Embodiments of the present disclosure may be implemented in electronic, portable, and/or battery-powered host devices (such as smartphones, audio players, mobile phones, or cellular phones, handsets). Embodiments may be implemented on one or more integrated circuits disposed within such host devices. Embodiments may be implemented in a personal audio device (such as a smart phone, mobile or cellular phone, headset, earphone, etc.) that may be configured to provide audio playback to a single person. See fig. 1a to 1e. Again, embodiments may be implemented on one or more integrated circuits disposed within such personal audio devices. In further alternatives, embodiments may be implemented in a combination of a host device and a personal audio device. For example, embodiments may be implemented in one or more integrated circuits disposed within a personal audio device and one or more integrated circuits disposed within a host device.

It should be appreciated that various operations described herein, particularly in connection with the accompanying drawings, may be implemented by other circuits or other hardware components, particularly as persons of ordinary skill in the art having benefit of this disclosure. The order in which each operation of a given method is performed may be changed, and various elements of the systems illustrated herein may be added, reordered, combined, omitted, modified, etc. It is intended that the present disclosure cover all such modifications and variations, and therefore the above description should be regarded in an illustrative rather than a restrictive sense.

Similarly, while this disclosure refers to particular embodiments, certain modifications and variations may be made to those embodiments without departing from the scope and coverage of this disclosure. Furthermore, no benefit, advantage, or solution to problems described herein with respect to a particular embodiment is intended to be construed as a critical, required, or essential feature or element.

Likewise, other embodiments and implementations will be apparent to those of ordinary skill in the art having the benefit of this disclosure, and such implementations should be considered to be encompassed herein. Furthermore, those of ordinary skill in the art will recognize that a variety of equivalent techniques may be applied in place of or in combination with the embodiments discussed, and that all such equivalent techniques are to be considered to be encompassed by the present disclosure.

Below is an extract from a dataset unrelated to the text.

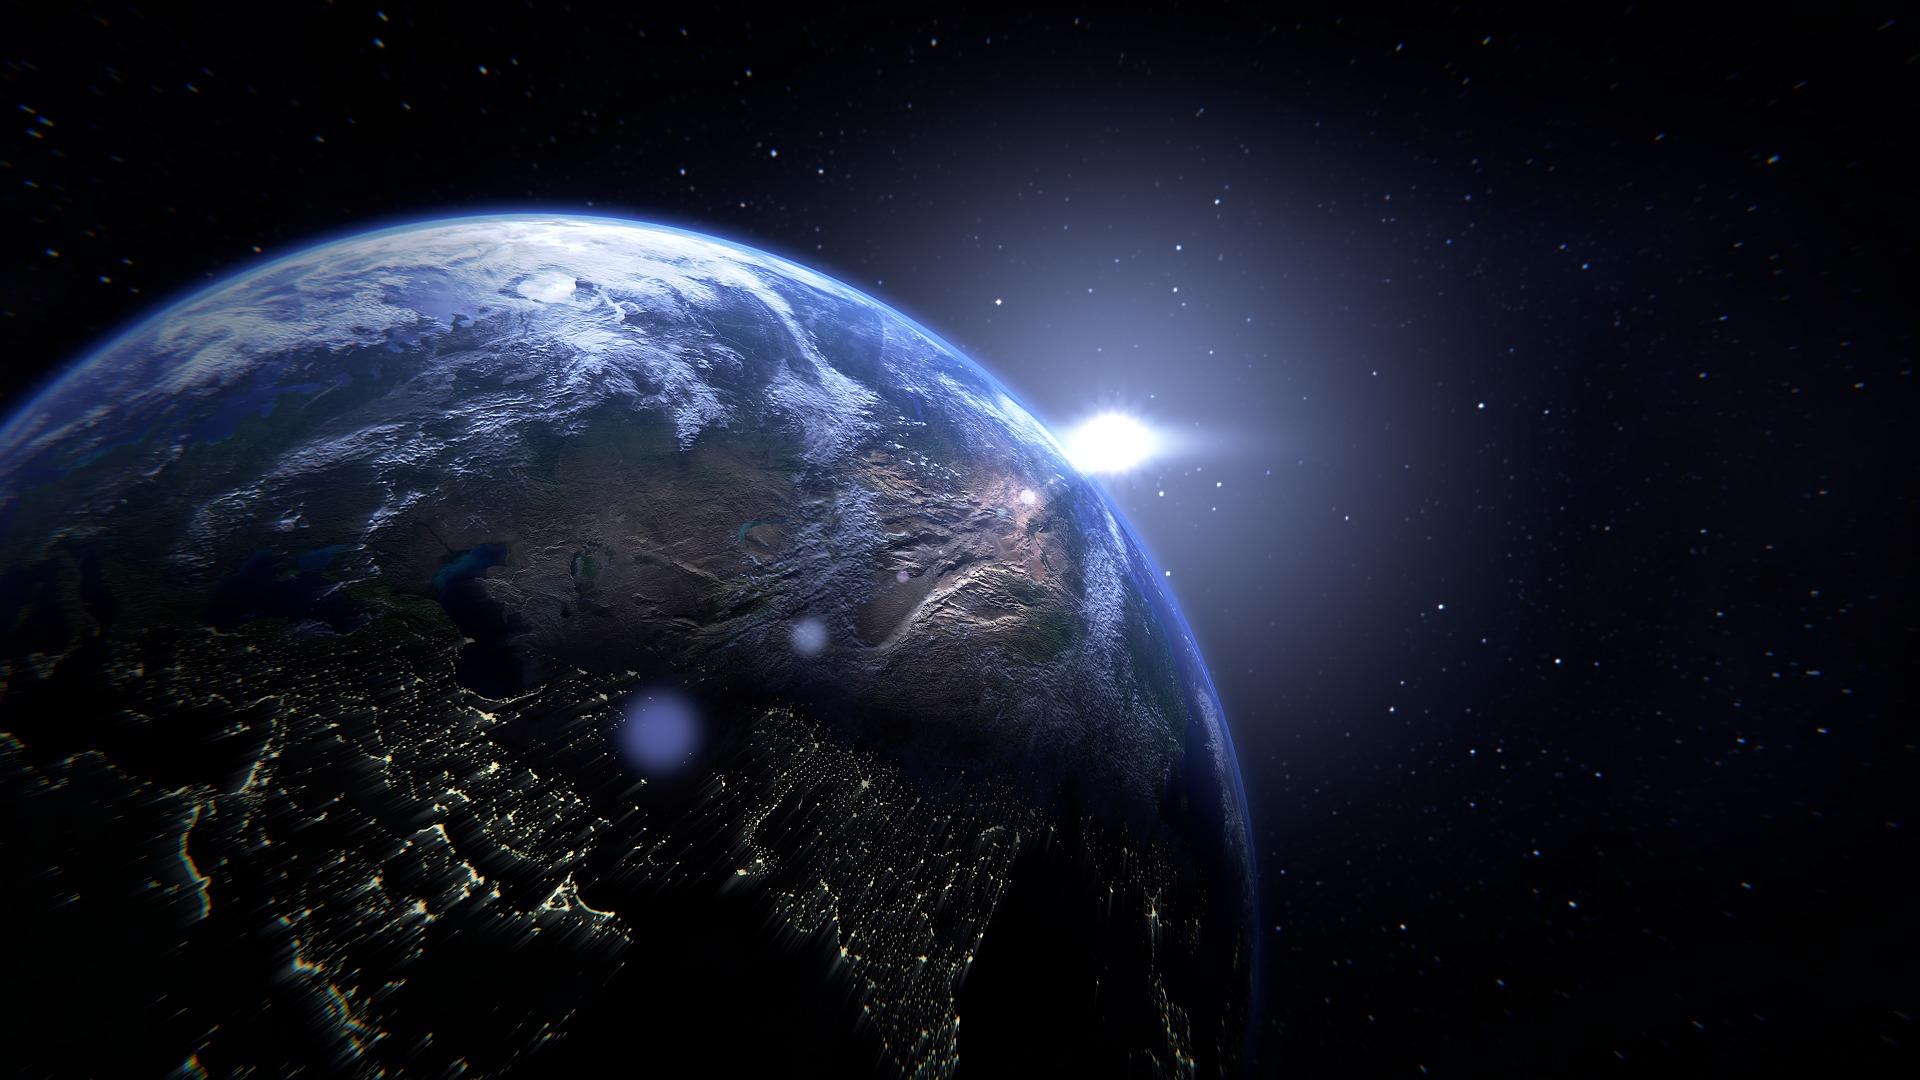 planet-1348079_1920.jpg

Those of ordinary skill in the art will recognize that some aspects of the apparatus and methods described above (e.g., discovery methods and configuration methods) may be embodied as processor control code, for example, on a non-volatile carrier medium such as a magnetic disk, CD-ROM or DVD-ROM, a programmed memory such as read only memory (firmware), or on a data carrier such as an optical signal carrier or an electrical signal carrier. For many applications, embodiments of the present invention will be implemented on a DSP (digital signal processor), an ASIC (application specific integrated circuit) or an FPGA (field programmable gate array). Thus, the code may comprise conventional program code or microcode or code, for example, for setting up or controlling an ASIC or FPGA. The code may also include code for dynamically configuring a reconfigurable device, such as a reprogrammable array of logic gates. Similarly, the code may include code for a hardware description language, such as Verilog ^TM or VHDL (very high speed integrated circuit hardware description language). As will be appreciated by one of ordinary skill in the art, the code may be distributed among a plurality of coupled components that communicate with each other. The embodiments may also be implemented using code running on a field (re) programmable analog array or similar device to configure analog hardware, where appropriate.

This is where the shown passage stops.